English Analysis~29 min read · 36,396 chars

1. Bibliographic Information

1.1. Title

Kimi Linear: An Expressive, Efficient Attention Architecture

The title clearly states the paper's central topic: the introduction of a new attention architecture named Kimi Linear. It highlights its two main claimed properties: being expressive (capable of high performance) and efficient (computationally less demanding).

1.2. Authors

The authors are listed as "Kimi Team" from Moonshot AI, along with several external collaborators. The full list of contributors is provided in Appendix A, indicating a large-scale team effort typical of major industry AI labs. Key contributors include Yu Zhang, Zongyu Lin, Xingcheng Yao, and many others. This collaborative structure suggests a project with significant engineering and research resources behind it.

1.3. Journal/Conference

The paper is presented as a technical report on arXiv, a preprint server. This means it has not yet undergone a formal peer-review process for a conference or journal. Publishing on arXiv is a common practice in the fast-paced field of AI/ML to quickly disseminate new findings to the research community. The metadata indicates a publication date in the future (October 2025), which suggests this analysis is based on a preliminary or hypothetical version of the paper.

1.4. Publication Year

2025 (according to the provided metadata and references within the paper).

1.5. Abstract

The abstract introduces Kimi Linear, a hybrid linear attention architecture that claims to outperform standard full attention in a wide range of scenarios (short-context, long-context, and RL). The core innovation is Kimi Delta Attention (KDA), an extension of Gated DeltaNet that uses a finer-grained gating mechanism for more effective memory management. The authors also highlight a custom, hardware-efficient chunkwise algorithm based on a specialized Diagonal-Plus-Low-Rank (DPLR) formulation. They present a 3B parameter model that outperforms a full-attention baseline across all tasks while significantly reducing KV cache usage (by 75%) and improving decoding throughput (up to 6x for 1M context). The paper concludes by announcing the open-sourcing of the KDA kernel, vLLM integration, and model checkpoints to encourage further research.

1.6. Original Source Link

Original Source Link: https://arxiv.org/abs/2510.26692
PDF Link: https://arxiv.org/pdf/2510.26692v2.pdf
Publication Status: The paper is an unreviewed preprint on arXiv.

2. Executive Summary

2.1. Background & Motivation

The primary challenge this paper addresses is the computational bottleneck of the standard Transformer architecture, whose self-attention mechanism has a computational and memory complexity that scales quadratically with the input sequence length ( $O(T^2)$ ). This quadratic scaling makes processing very long sequences (e.g., millions of tokens) prohibitively expensive, which is a major obstacle for next-generation applications like advanced AI agents, reinforcement learning (RL) over long trajectories, and deep document analysis.

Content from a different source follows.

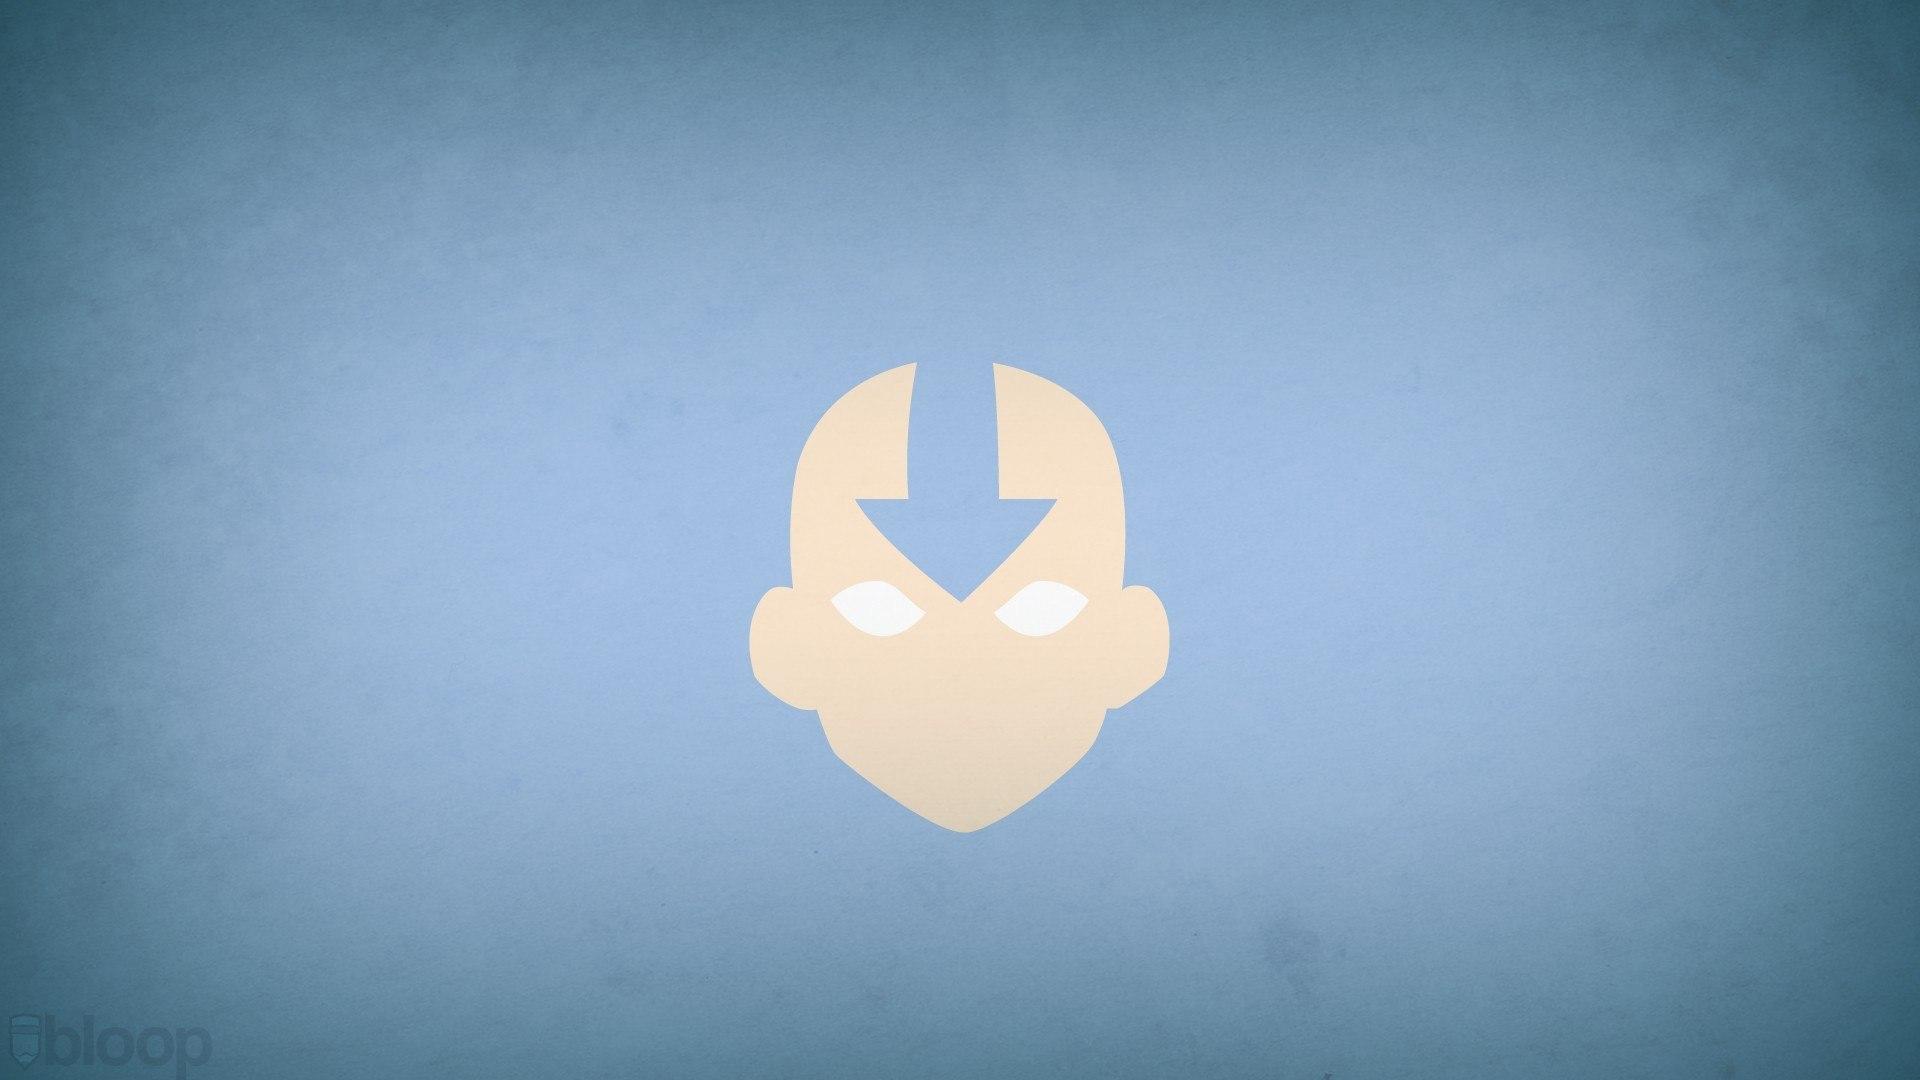 Avatar the last Airbender wallpaper (17)

While linear attention methods, which scale linearly ( $O(T)$ ), have been proposed as a solution, they have historically struggled to match the performance and expressivity of standard softmax attention, often lagging even on short-sequence tasks. This performance gap has prevented their widespread adoption.

The paper's entry point is to bridge this gap by designing a new linear attention mechanism that is not only efficient but also more expressive than its predecessors. The innovative idea is to enhance an existing linear attention framework (Gated DeltaNet) with more precise, fine-grained control over its internal memory state, allowing it to selectively retain and forget information more effectively.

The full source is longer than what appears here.